■ Extracted data:
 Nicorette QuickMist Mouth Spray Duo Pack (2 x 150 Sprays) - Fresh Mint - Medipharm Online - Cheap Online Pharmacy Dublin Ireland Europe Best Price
==
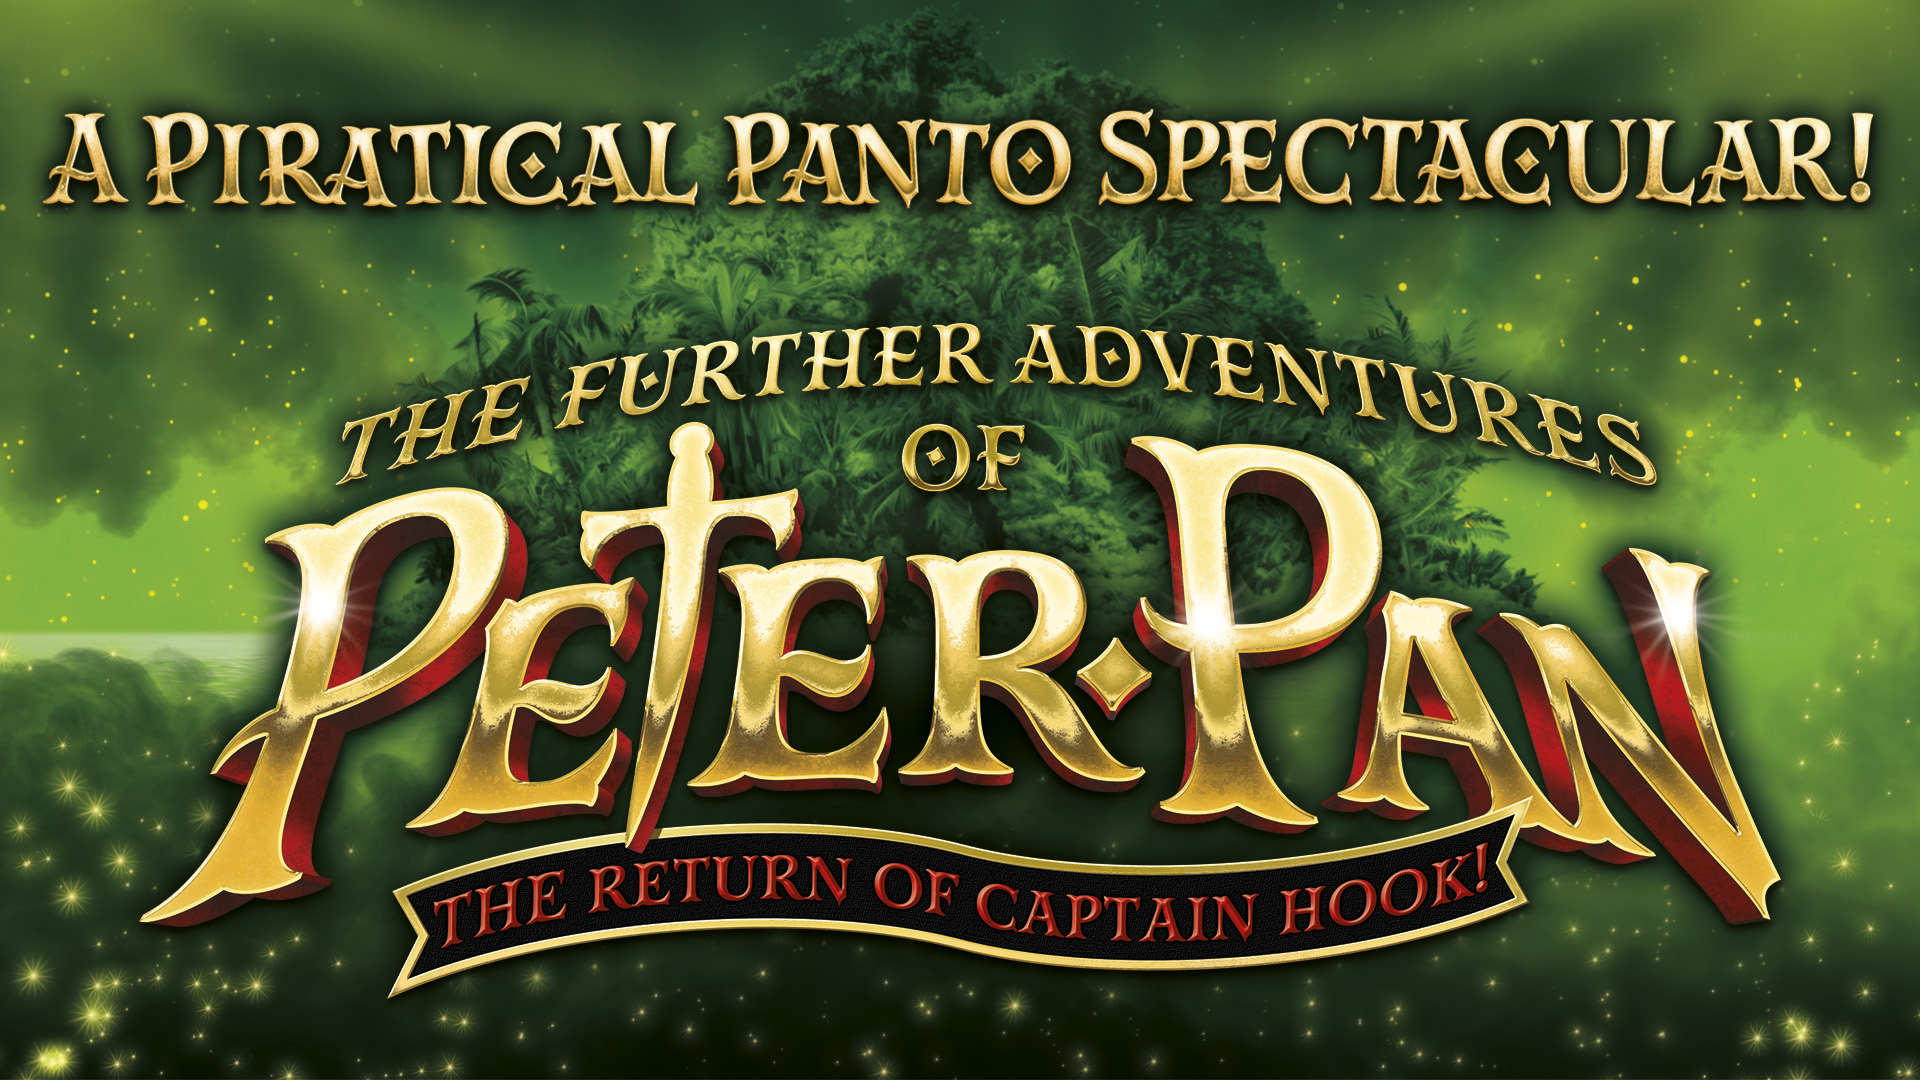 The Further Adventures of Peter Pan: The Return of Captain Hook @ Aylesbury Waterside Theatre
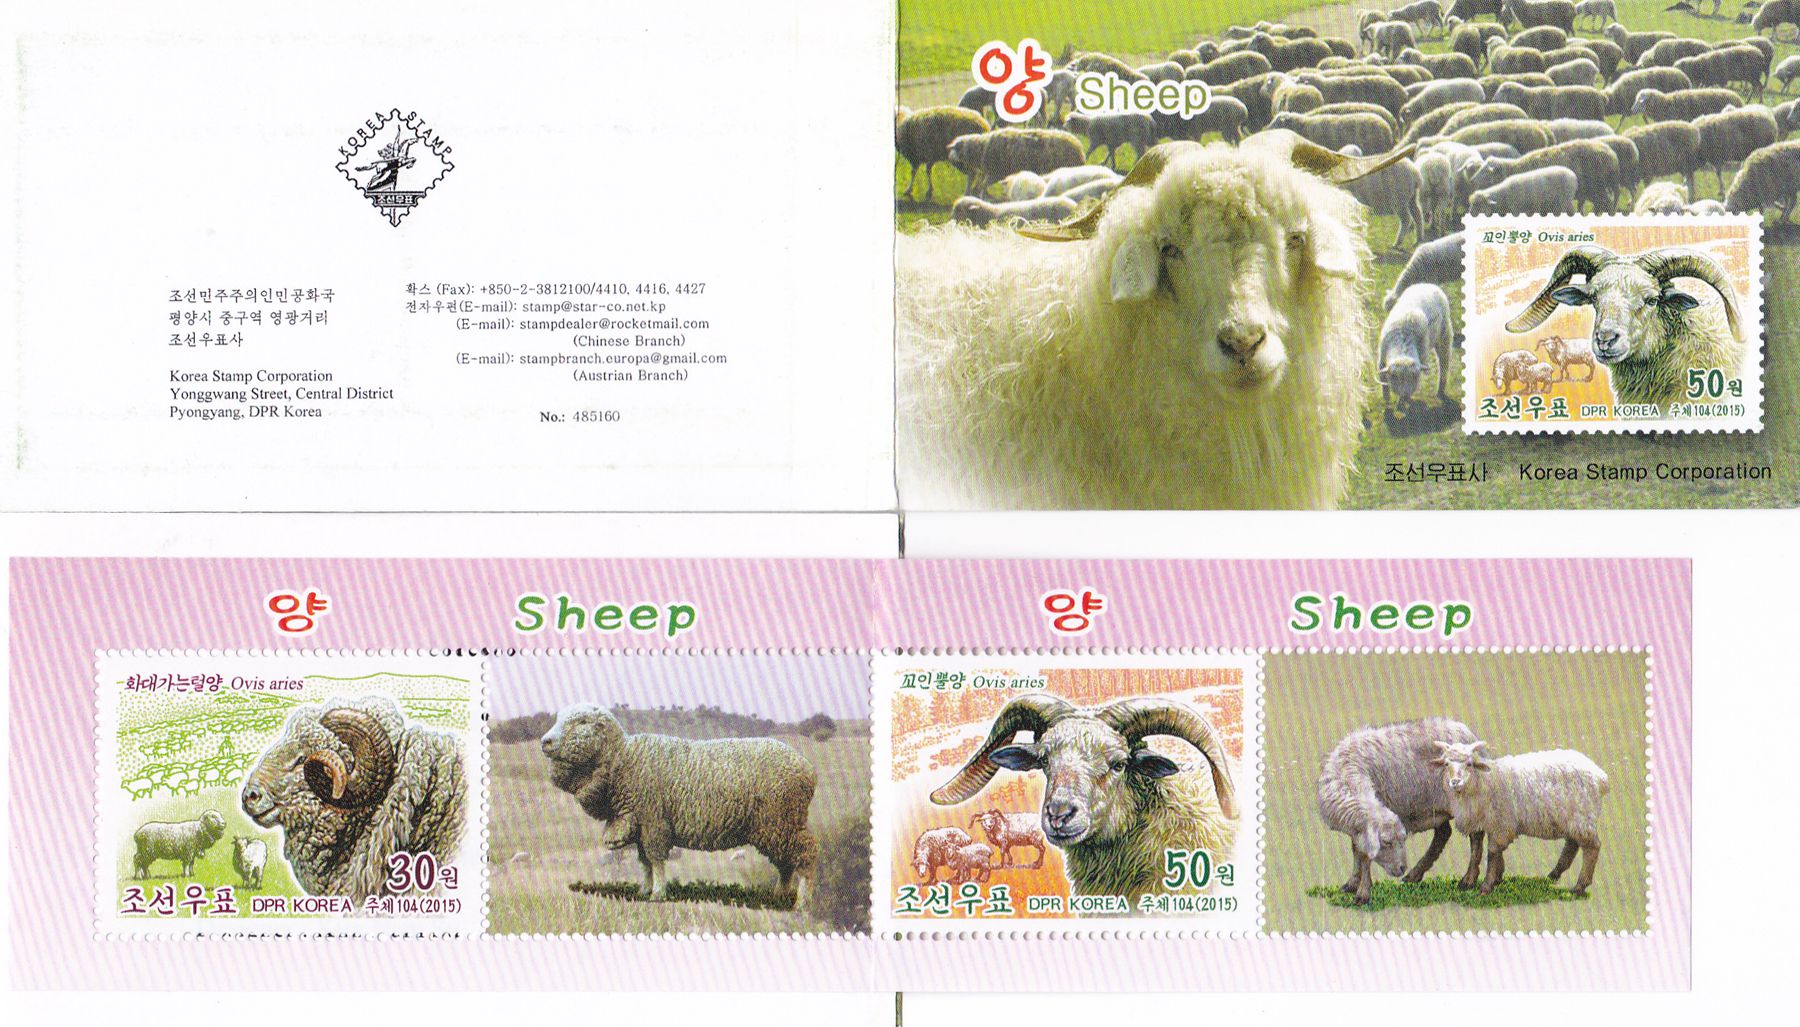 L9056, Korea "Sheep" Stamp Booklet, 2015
...
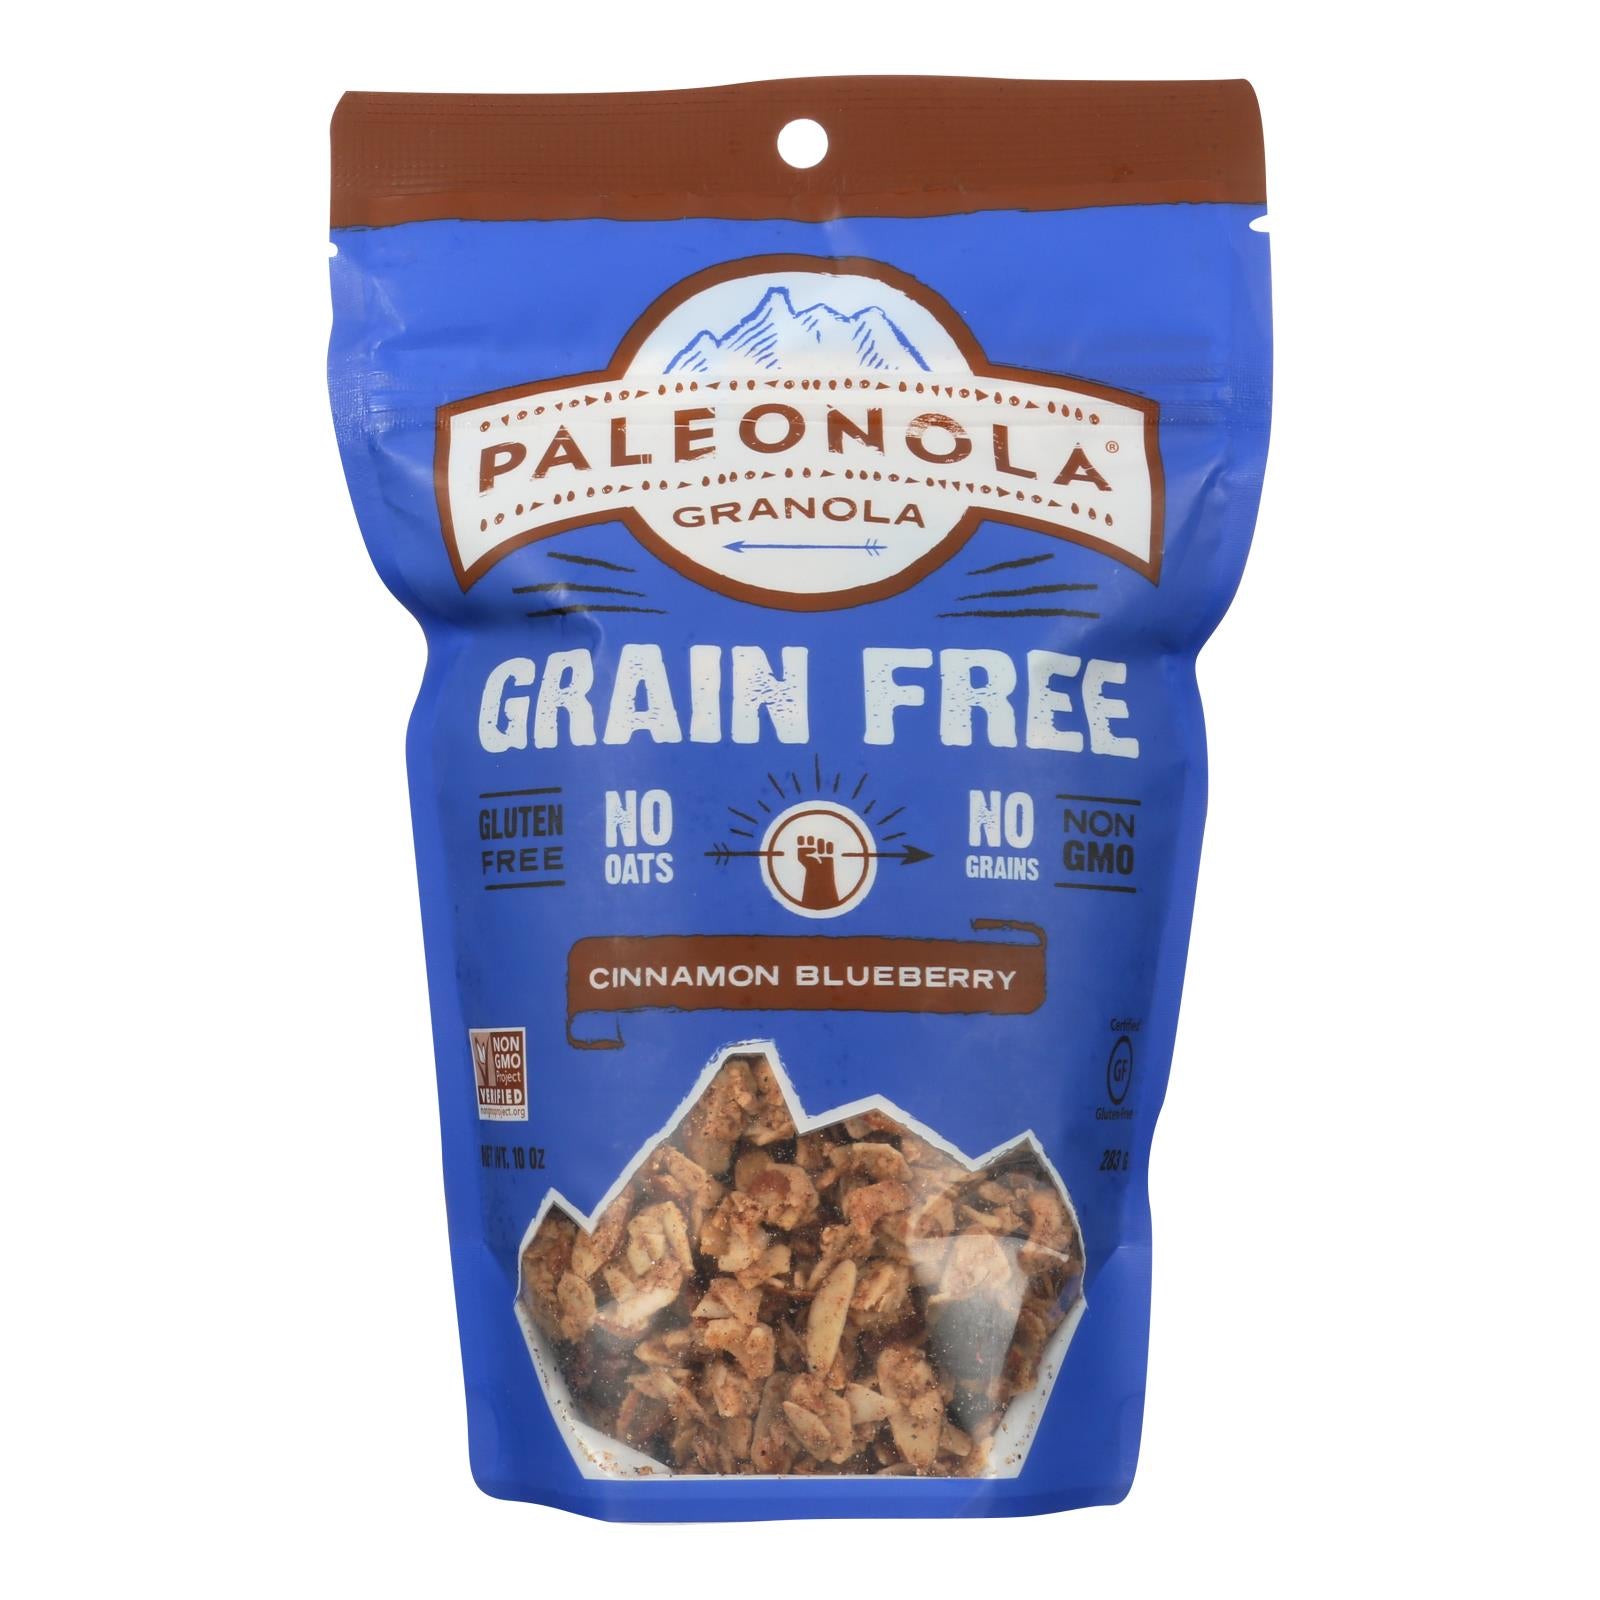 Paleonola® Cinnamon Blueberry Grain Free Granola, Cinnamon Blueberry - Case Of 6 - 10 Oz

■ Work item:
Restate the lines above from the one containing "The Further Adventures" through the one containing "Stamp Booklet, 2015", inclusive, exactly and without pictures.

■ Response to this exercise:
 The Further Adventures of Peter Pan: The Return of Captain Hook @ Aylesbury Waterside Theatre
 L9056, Korea "Sheep" Stamp Booklet, 2015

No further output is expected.